AIM OF THE TASK - Using the records that follow, reproduce exactly the lines starting at the line containing "Call for Book" and ending at the line containing "CBSE Class 8". Include both end lines and no pictures.

Top of RECORD EXTRACTS

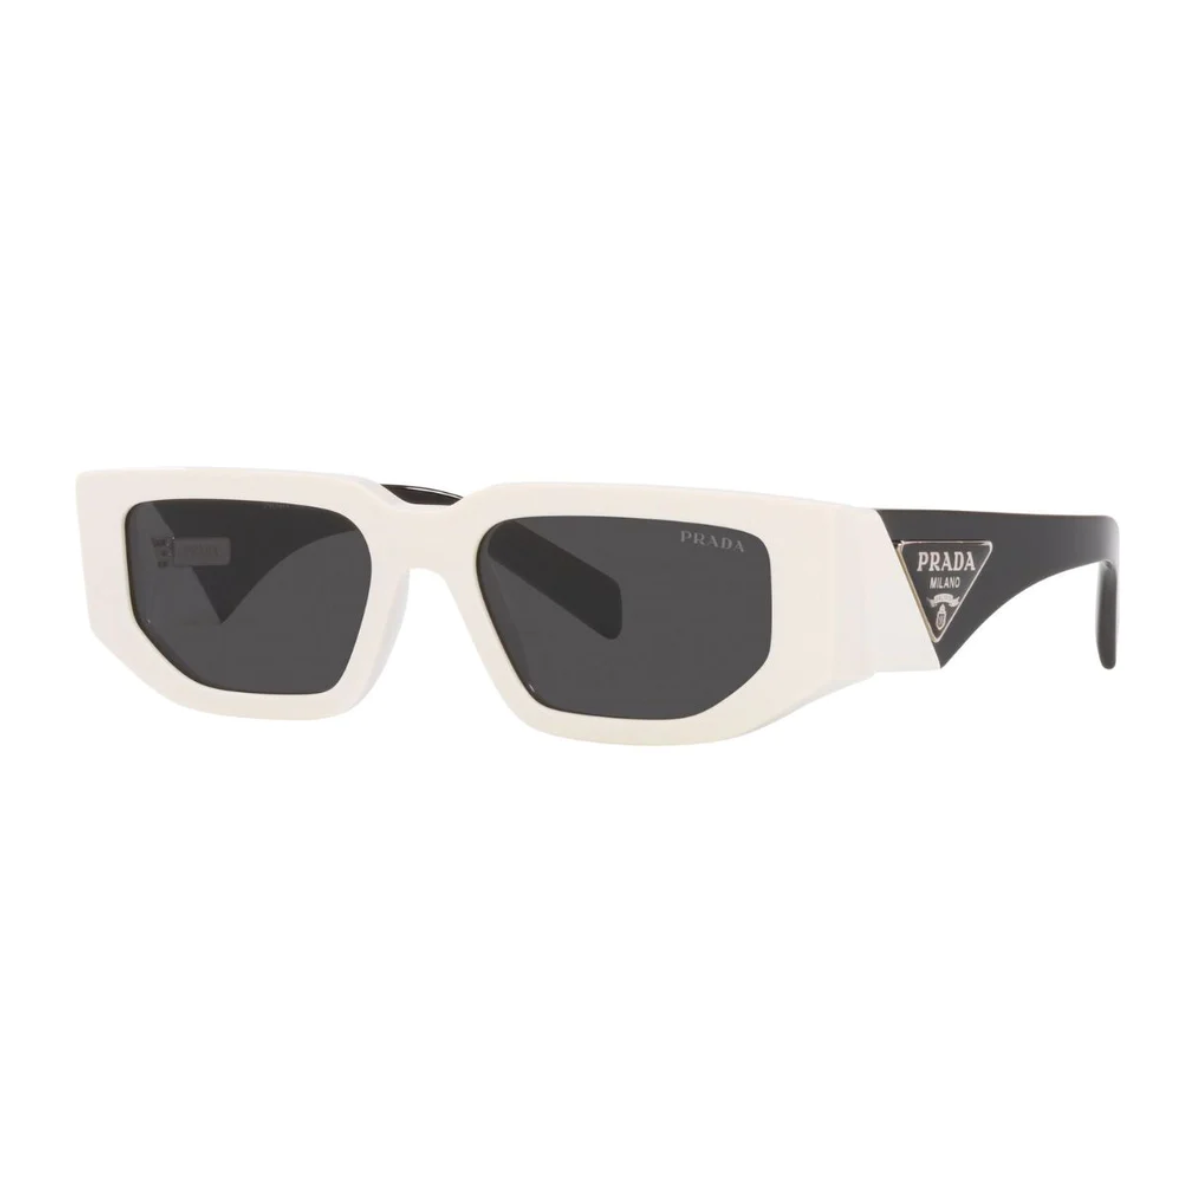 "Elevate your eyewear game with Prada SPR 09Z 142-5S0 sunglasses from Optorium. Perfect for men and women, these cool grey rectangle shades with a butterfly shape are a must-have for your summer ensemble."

Bottom of RECORD EXTRACTS
Top of RECORD EXTRACTS

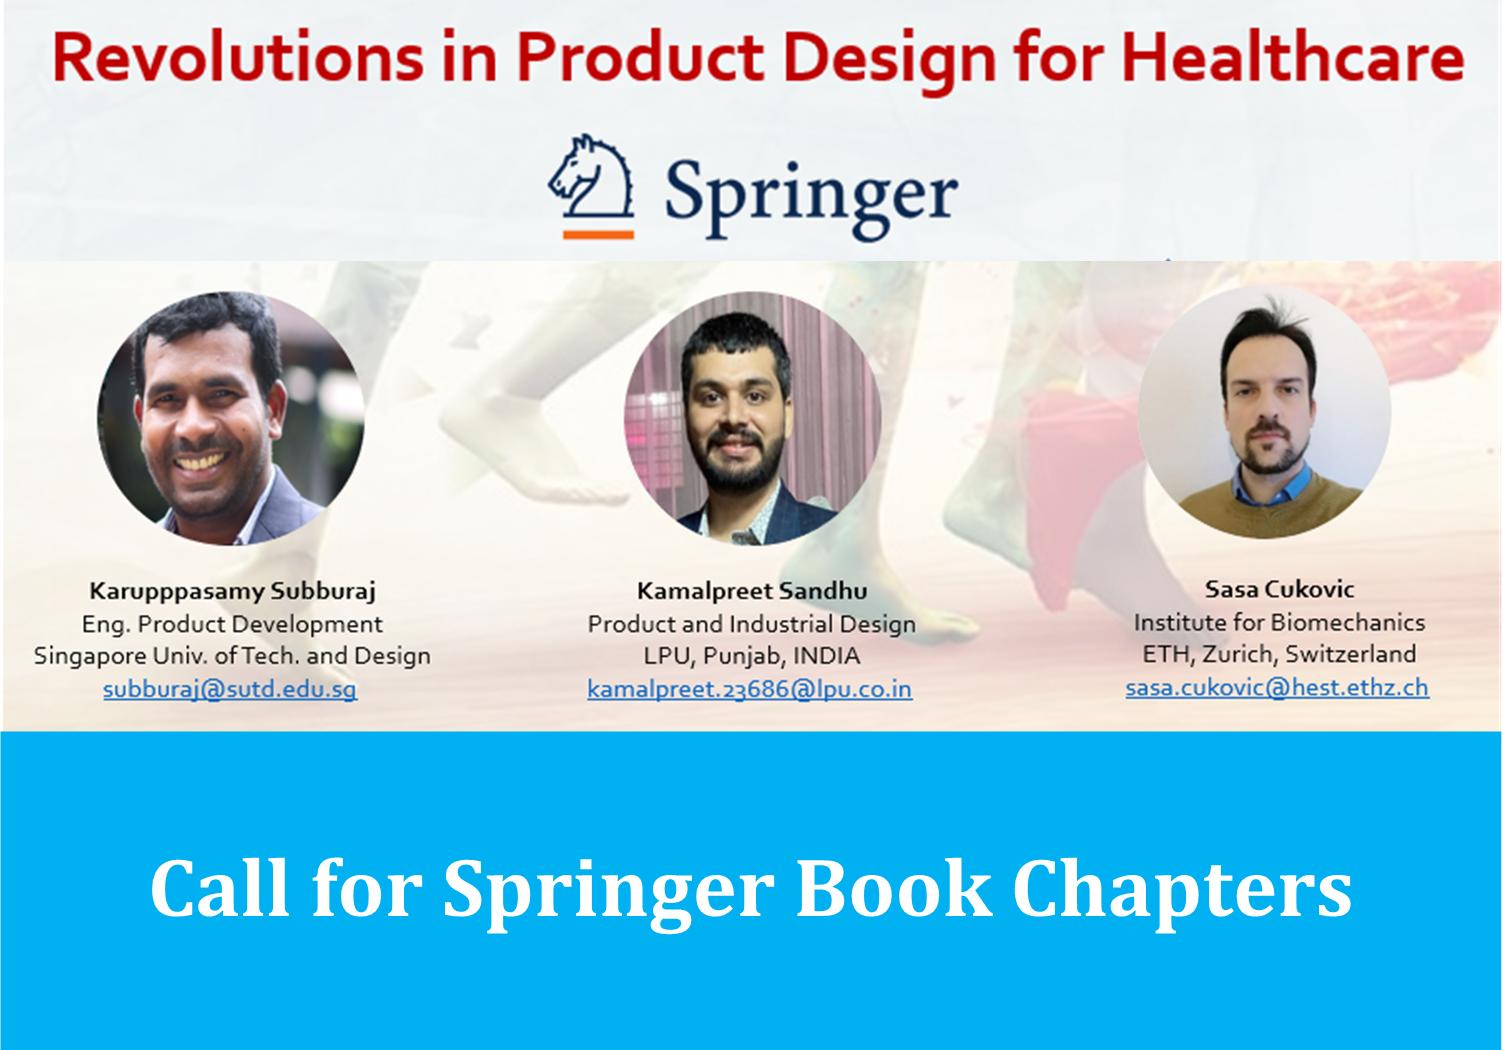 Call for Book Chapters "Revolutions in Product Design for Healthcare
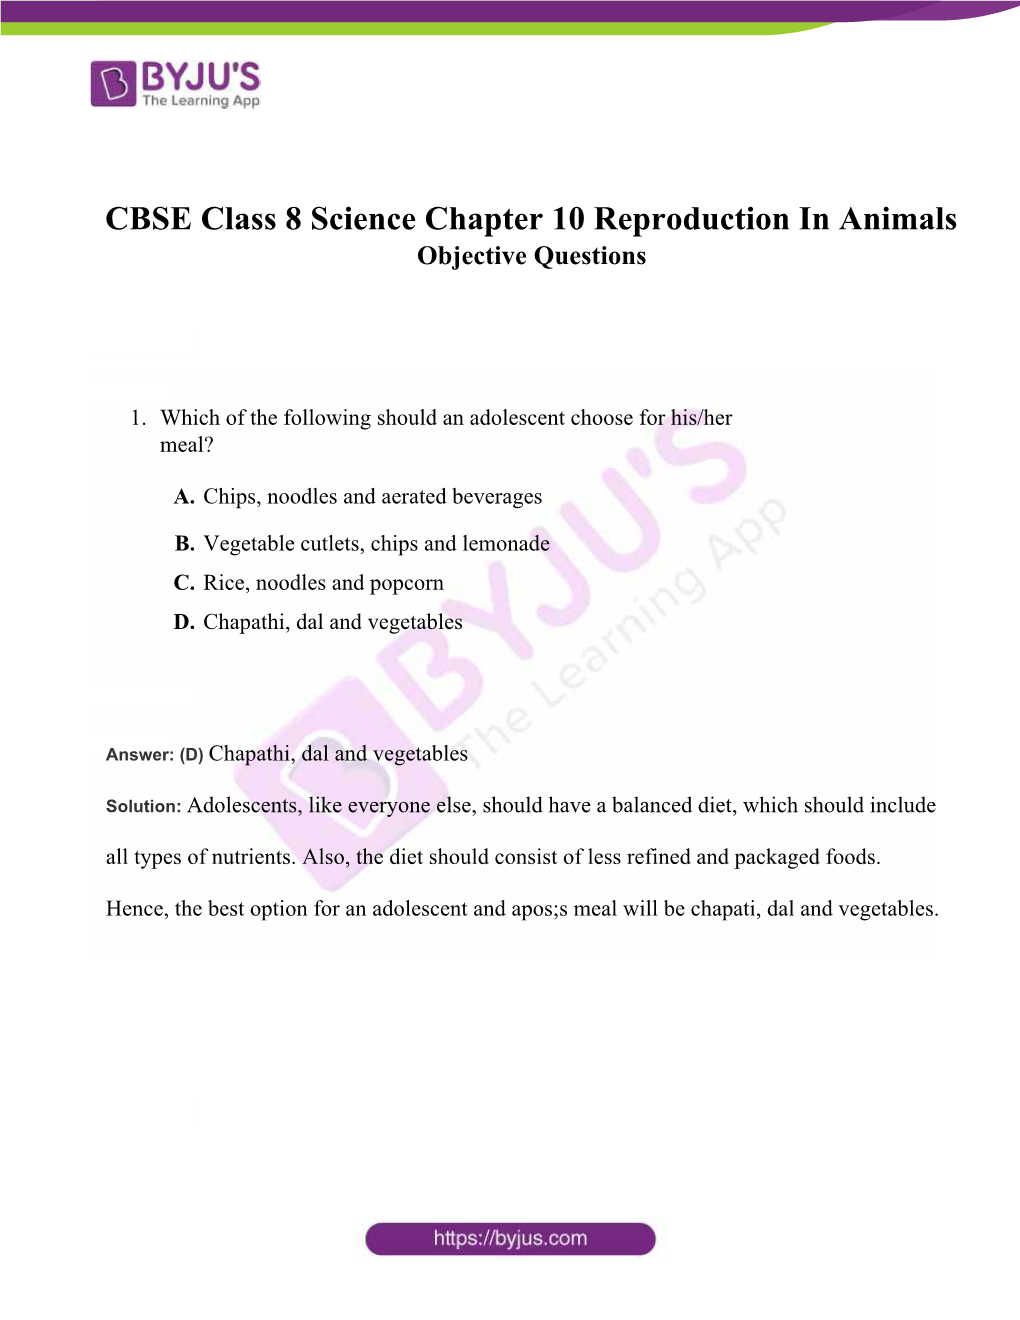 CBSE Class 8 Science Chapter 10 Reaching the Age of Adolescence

Bottom of RECORD EXTRACTS
Top of RECORD EXTRACTS

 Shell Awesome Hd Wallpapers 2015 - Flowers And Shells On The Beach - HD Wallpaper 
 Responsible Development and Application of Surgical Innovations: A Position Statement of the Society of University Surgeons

Bottom of RECORD EXTRACTS

RESULT FOR THIS TASK -
 Call for Book Chapters "Revolutions in Product Design for Healthcare
 CBSE Class 8 Science Chapter 10 Reaching the Age of Adolescence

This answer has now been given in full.